__TASK TO CARRY OUT__
Drop the images; return everything else in the listing below exactly.

__DATASET CONTENT__
══════════

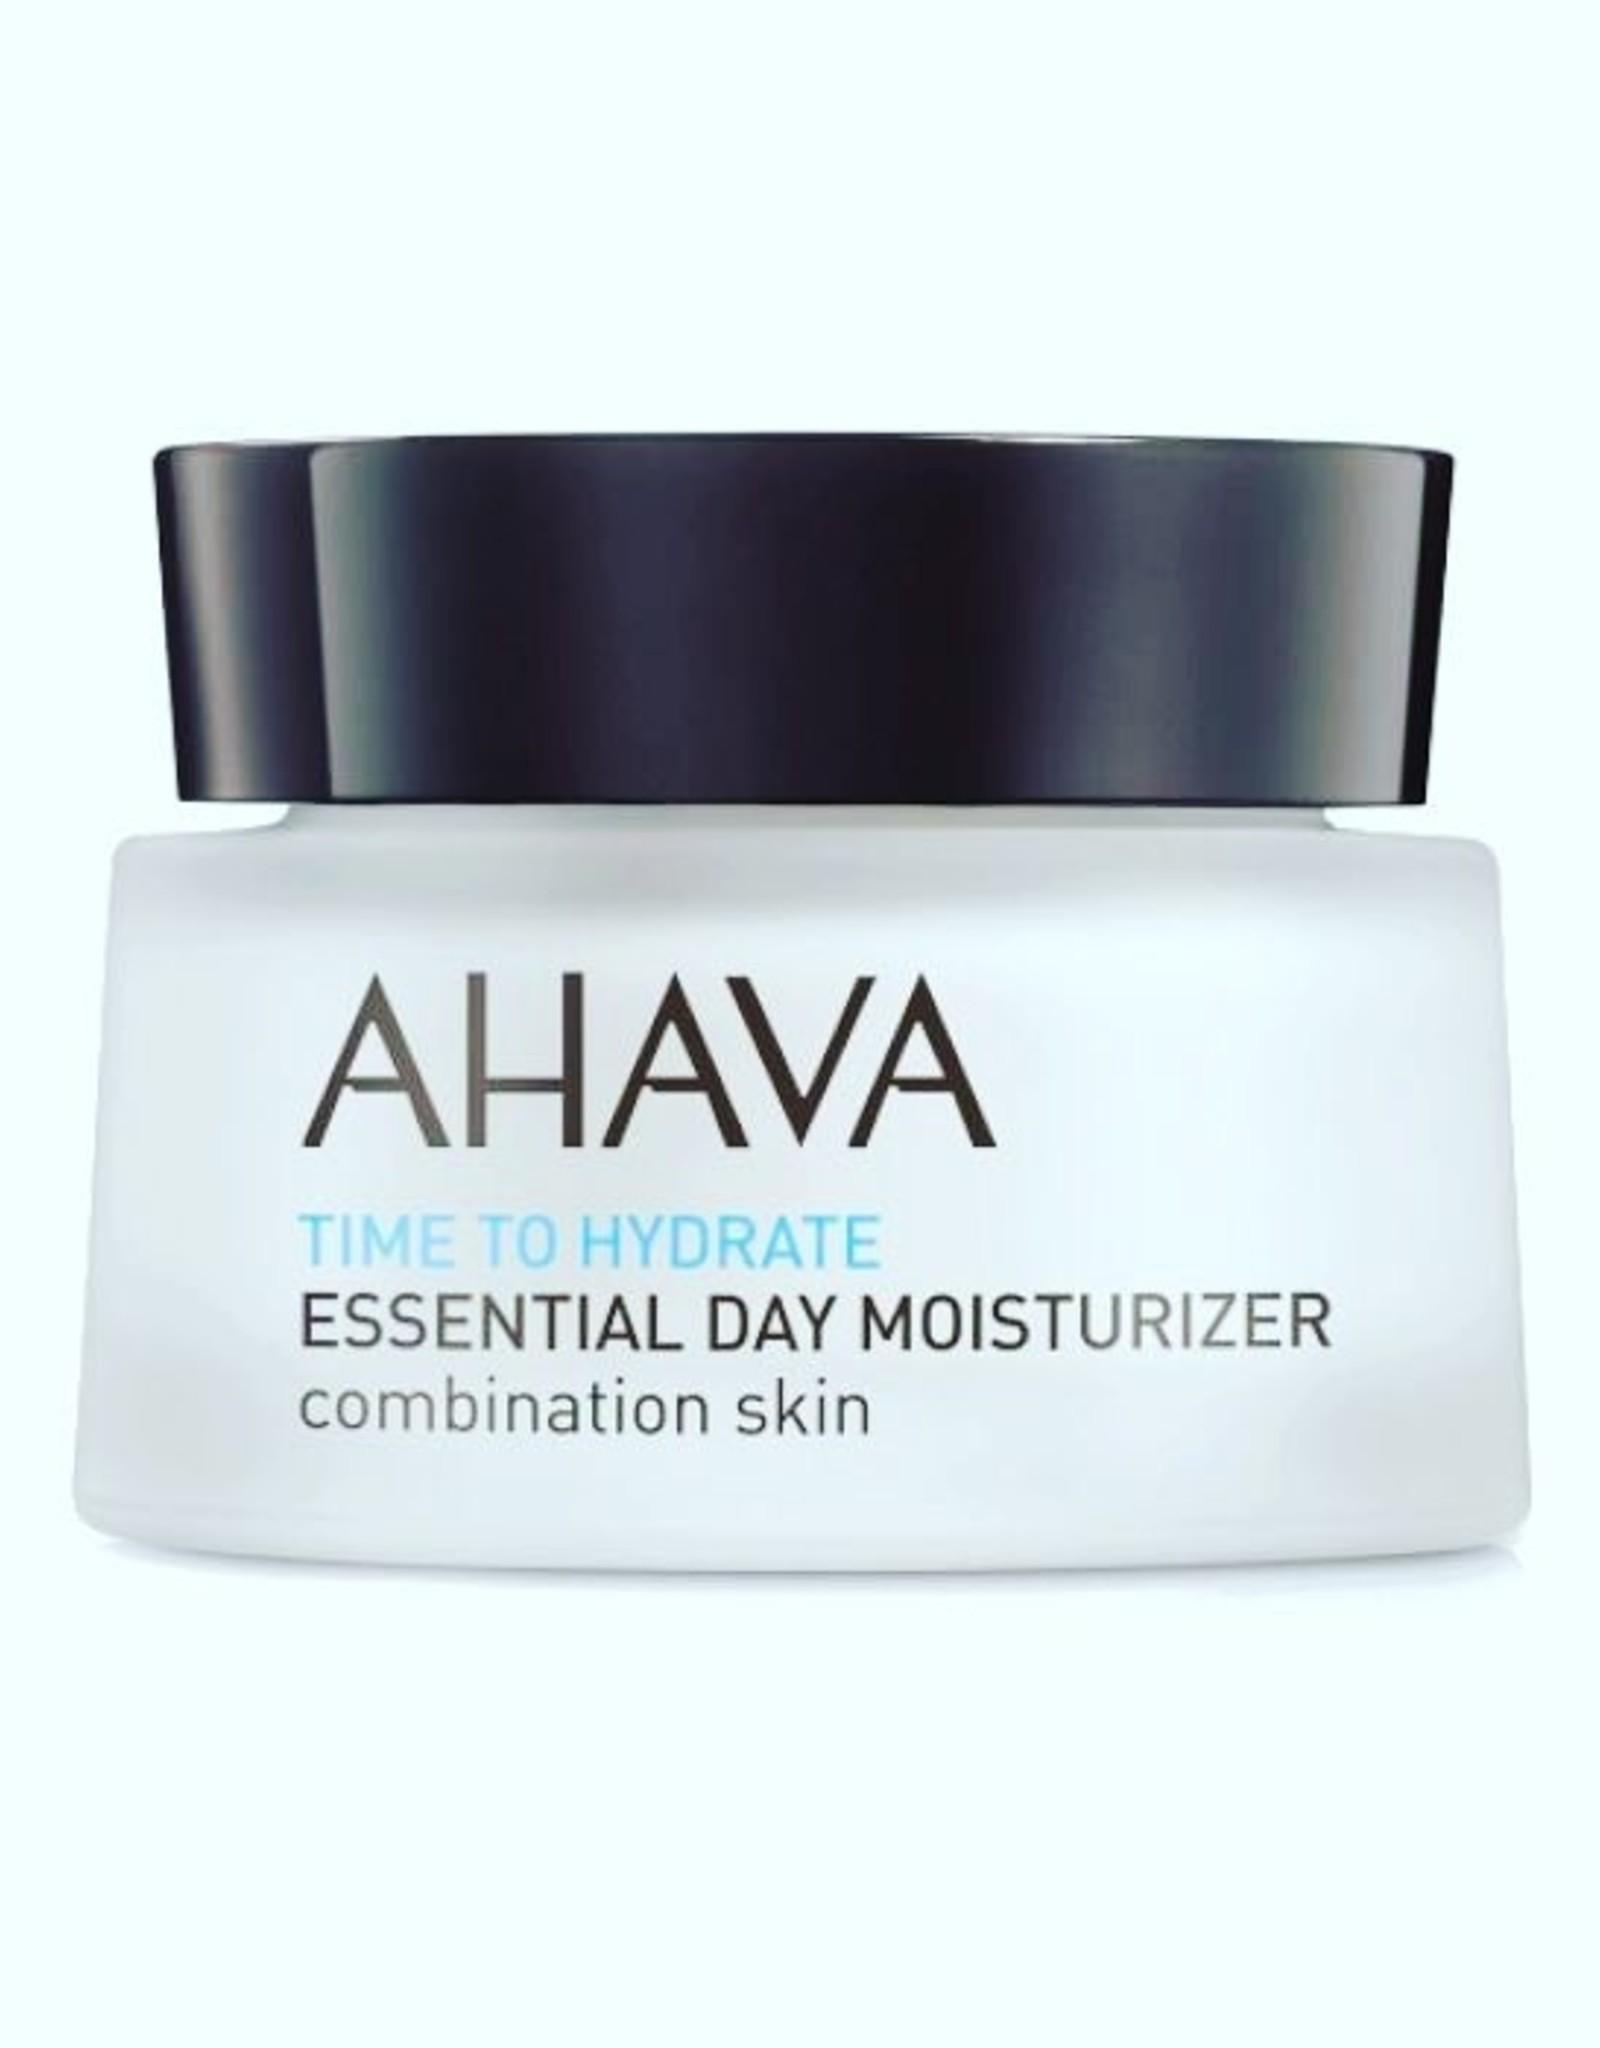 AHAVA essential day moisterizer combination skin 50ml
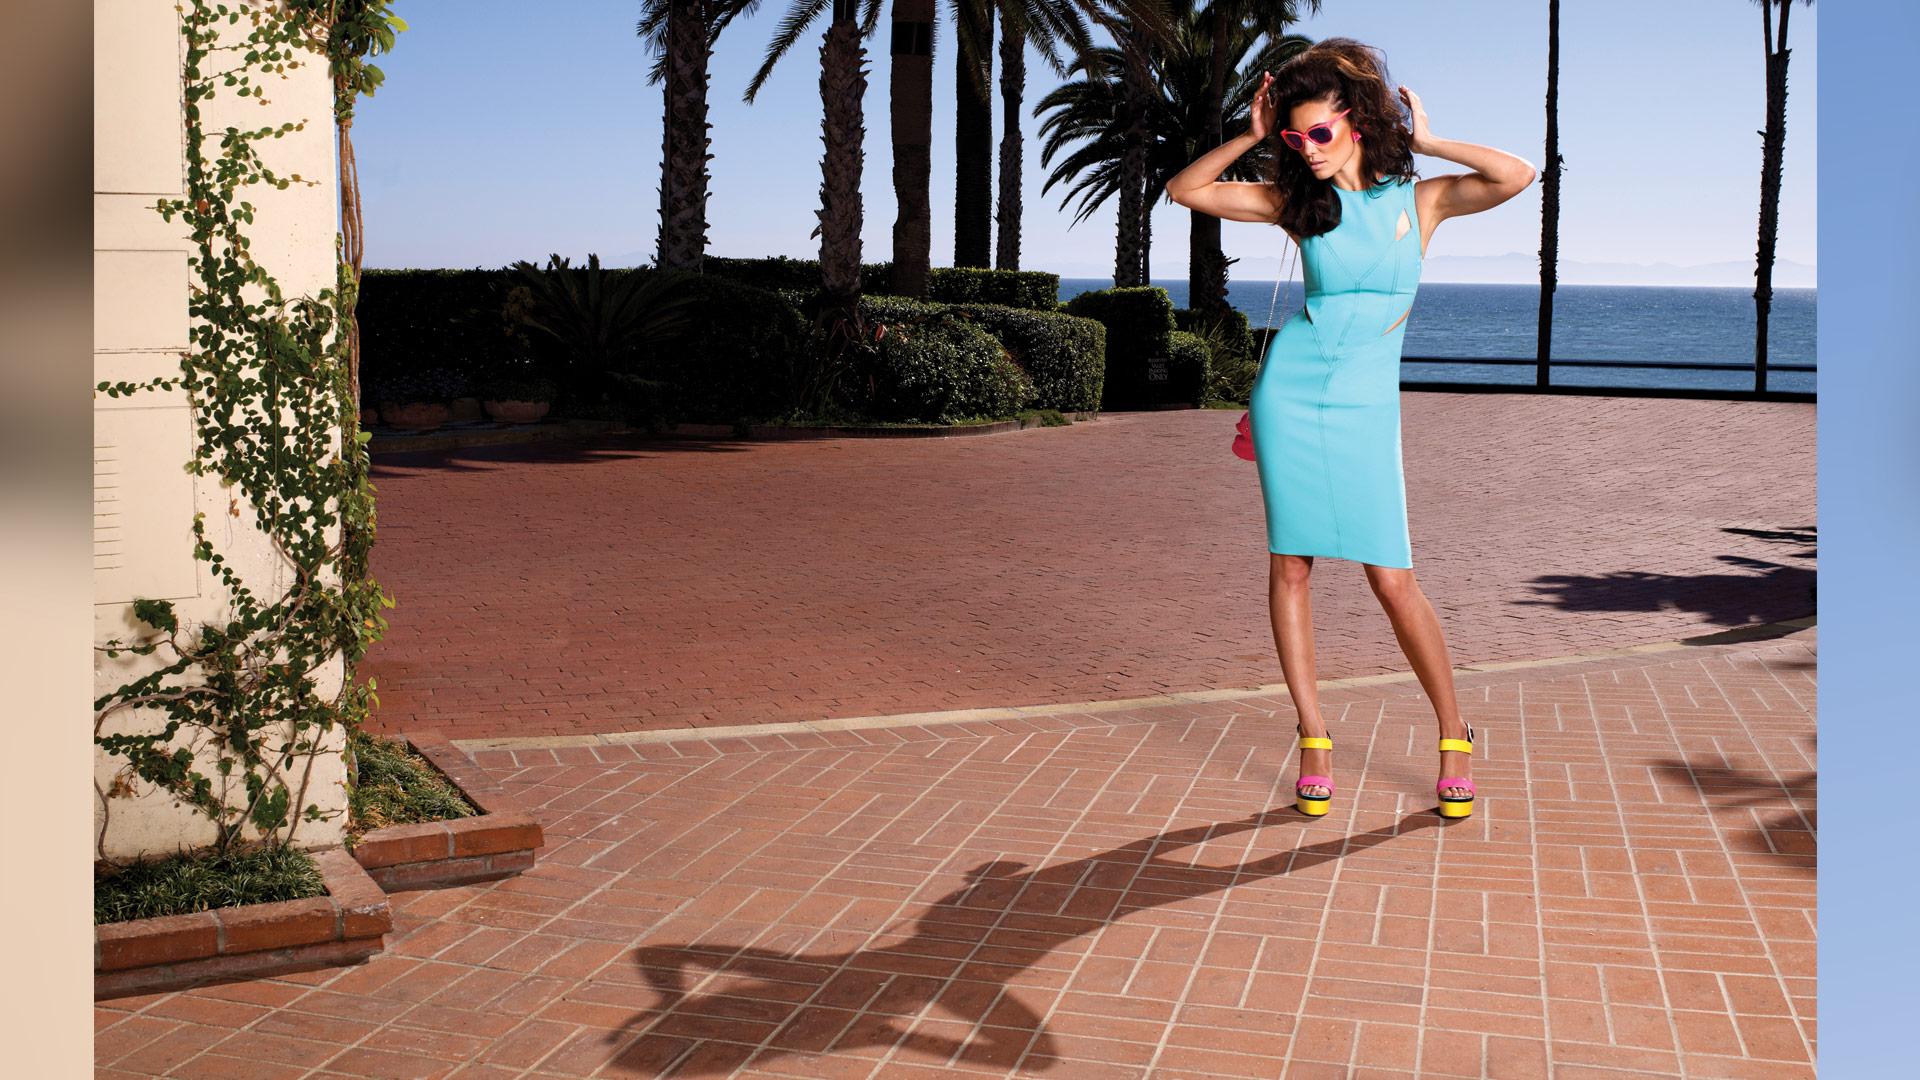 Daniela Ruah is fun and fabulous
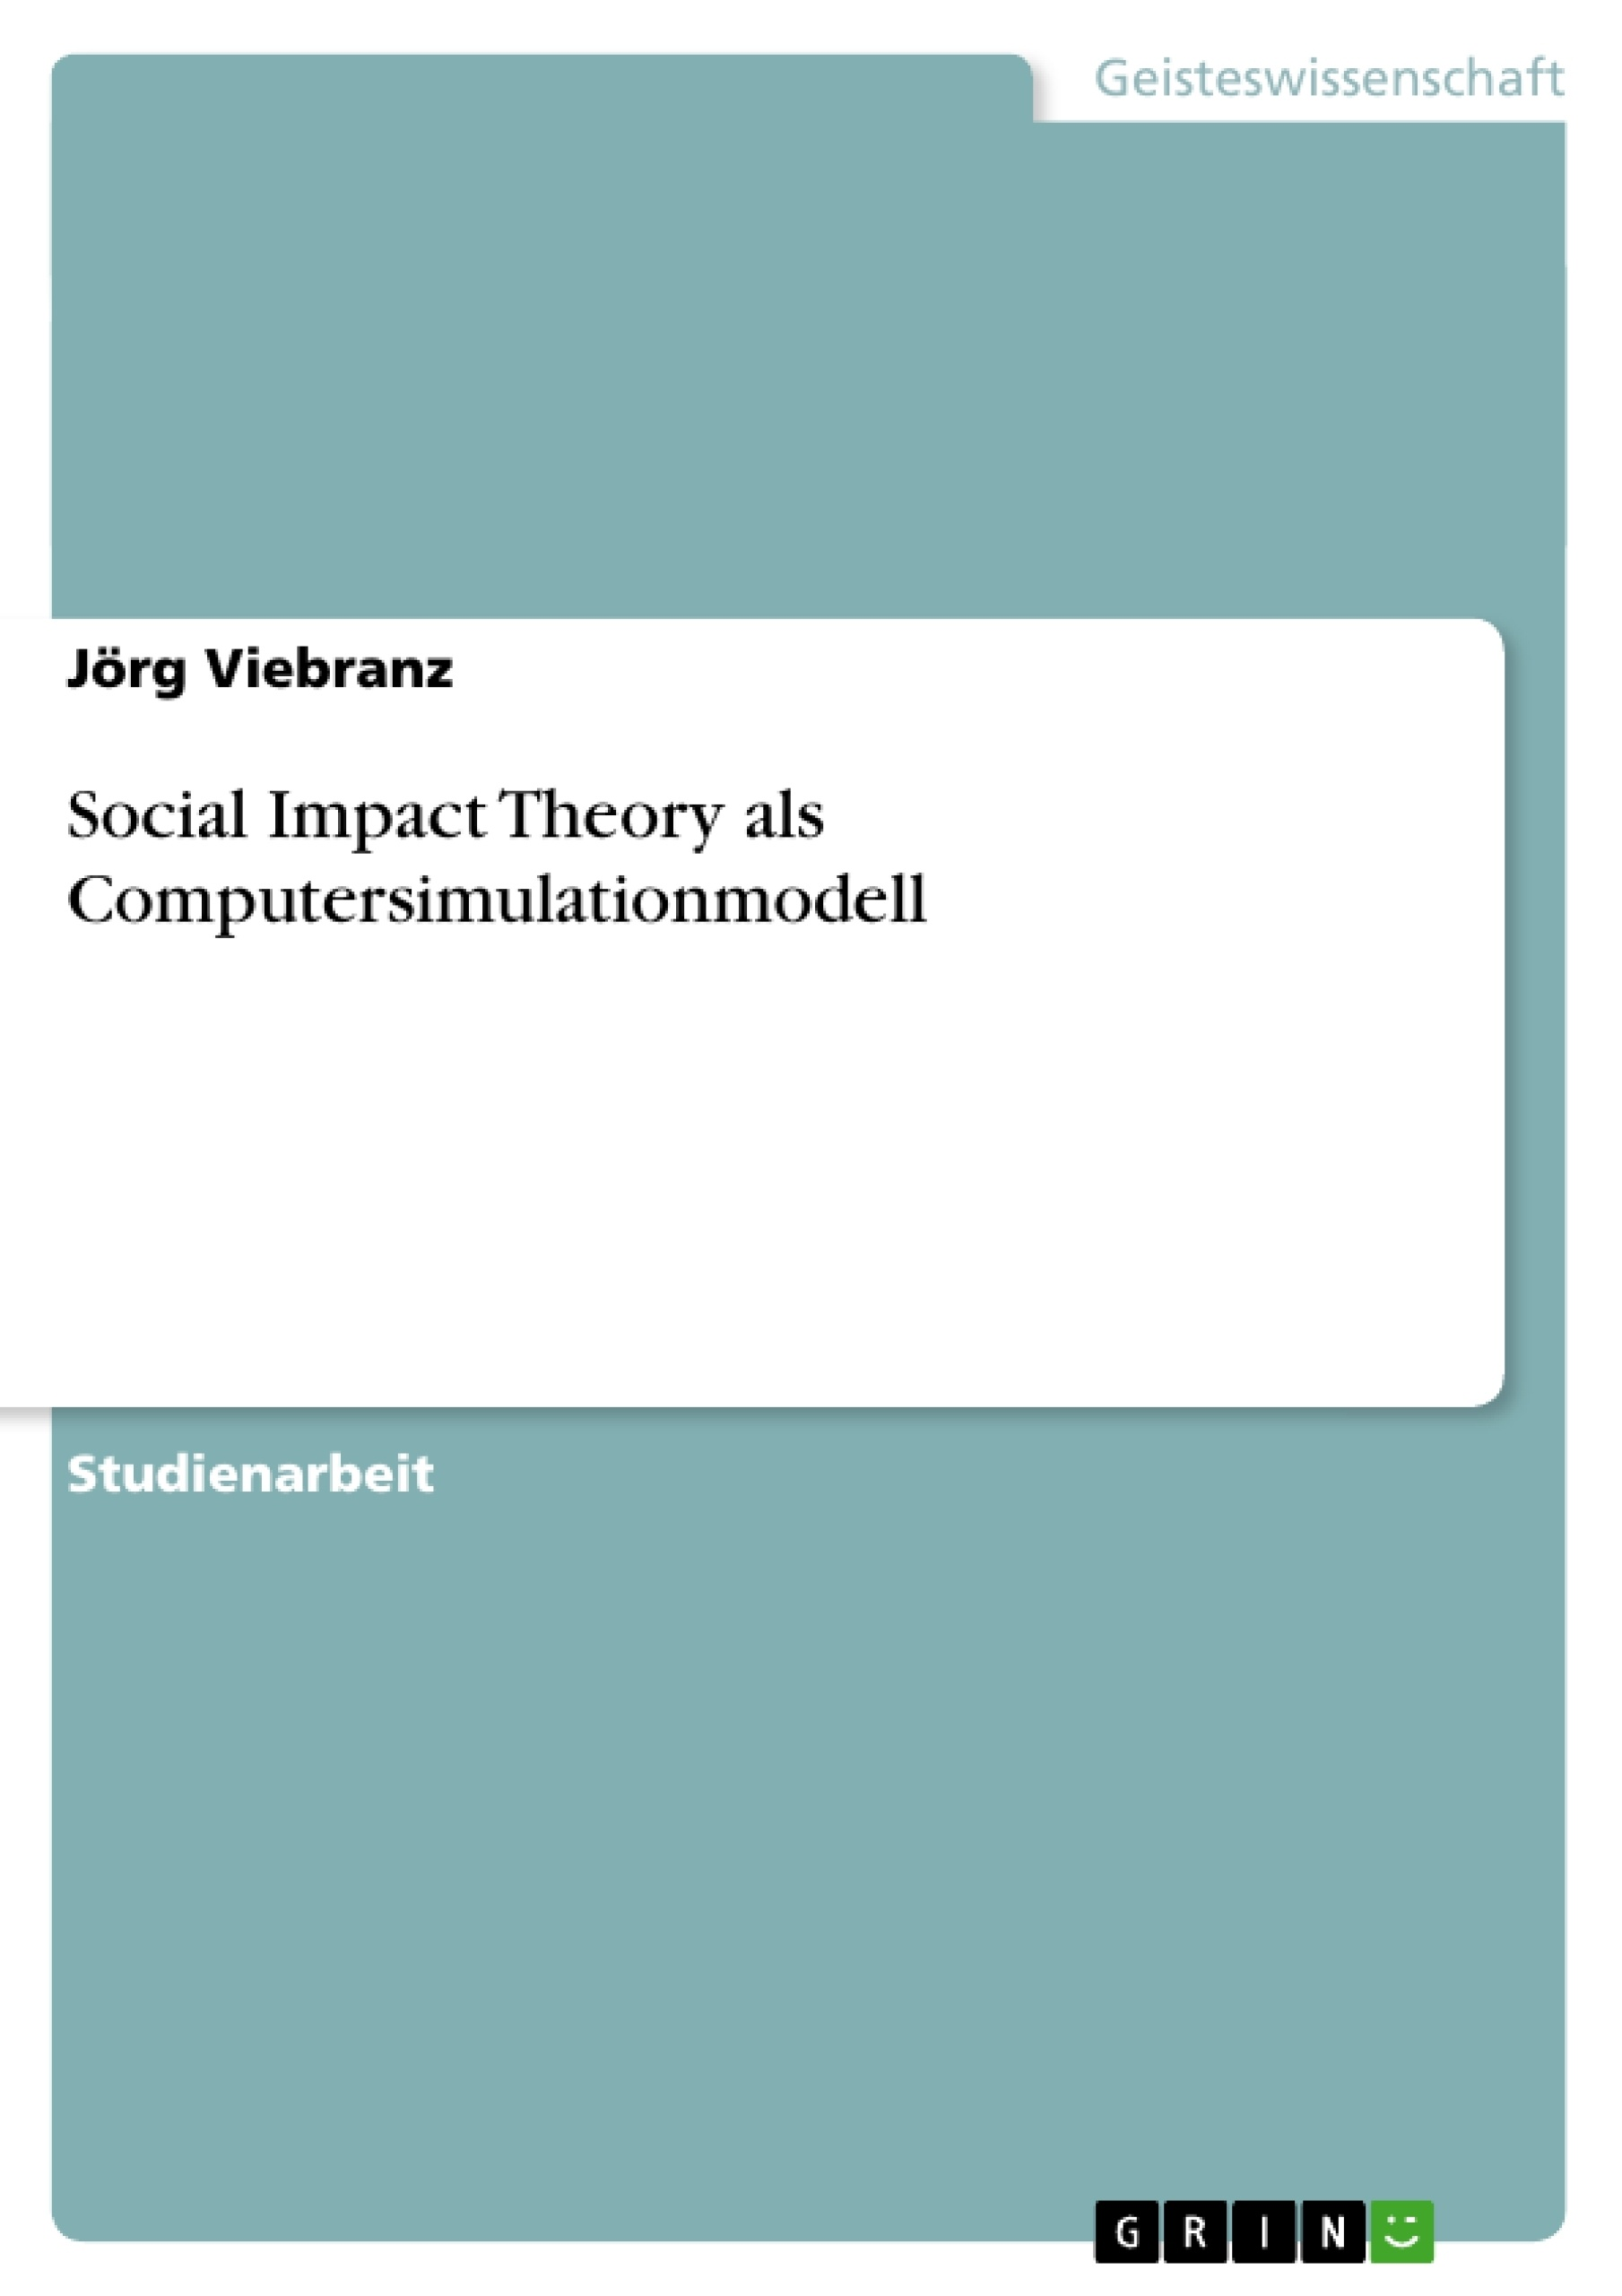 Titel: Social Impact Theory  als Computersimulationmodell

══════════

__ANSWER SECTION__
 AHAVA essential day moisterizer combination skin 50ml
 Daniela Ruah is fun and fabulous
 Titel: Social Impact Theory  als Computersimulationmodell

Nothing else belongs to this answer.